6. Now we wish to avoid laying down any hard and fast rules regarding the necessity of corroboration in the case of retracted confessions. But apart from any general rule of prudence, the circumstances indicated above are sufficient to require corroboration in this particular case.
7. There are other circumstances also which throw doubt on the case. P. Ws. 1 and 5 say that they told their employer Arunachala Chettiar about the murder within a few minutes of its occurrence but were told by him to mind their own business. That is somewhat unnatural conduct but this witness would have been an important witness to corroborate the truth of their story at any rate to that extent. He has not been called. So also the man who first saw the occurrence, namely Ghani, has not been called.

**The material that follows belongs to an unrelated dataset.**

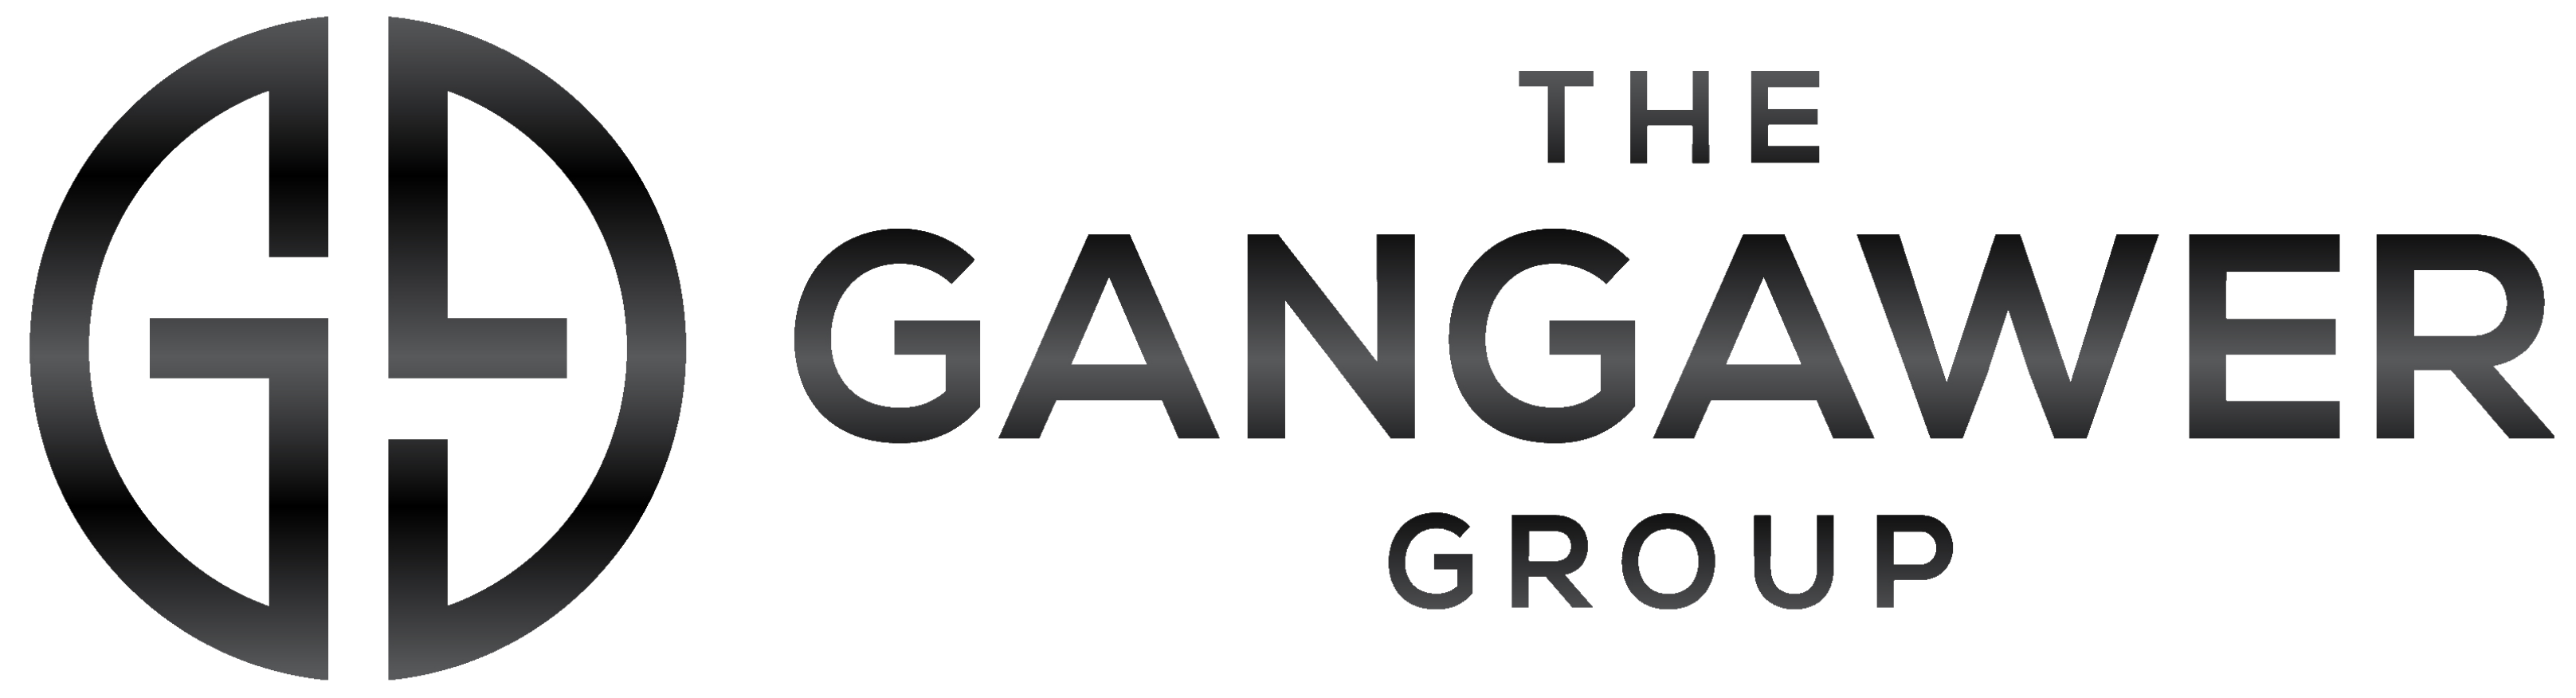 The Gangawer Group at Charles Rutenberg Realty
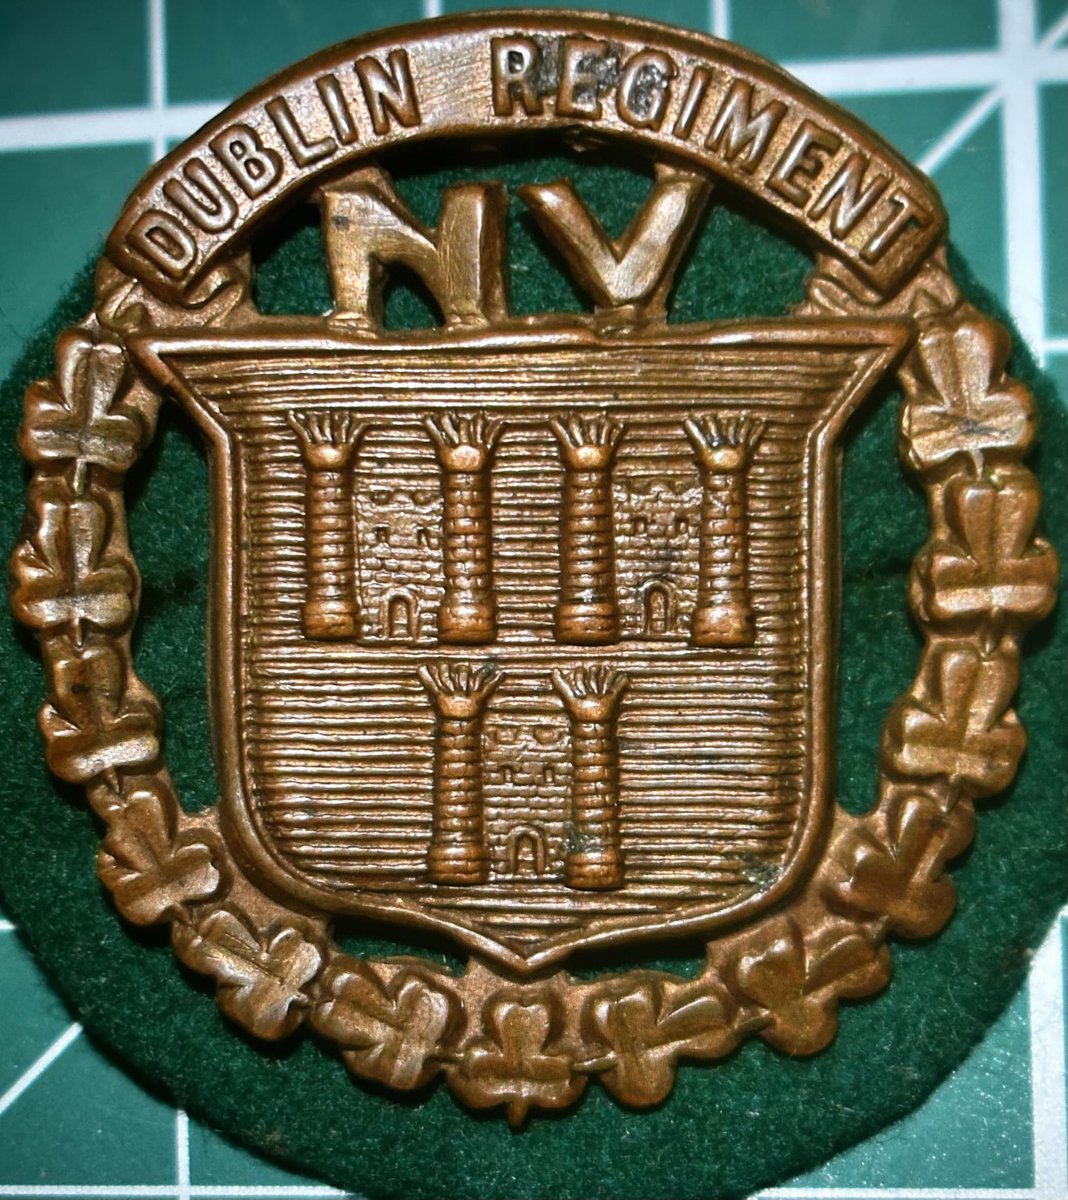 Dublin Regiment National Volunteers cap badge, circa 1914.

8. The only reason the High Court give for accepting the confession is because the learned Judges considered there was intrinsic material to indicate its genuineness. But the only feature the learned Judges specify is that it contains a wealth of detail which could not have been invented. But the point overlooked is that none of this detail has been tested. The confession is a long and rambling one which could have been invented by an agile mind or pieced together after tutoring. What would have been difficult is to have set out a true set of facts in that manner. But unless the main features of the story are shown to be true, it is, in our opinion, unsafe to regard mere wealth of uncorroborated detail as a safeguard of truth.
9. For the reasons given above, we allow the appeal, set aside the conviction and acquit the appellant.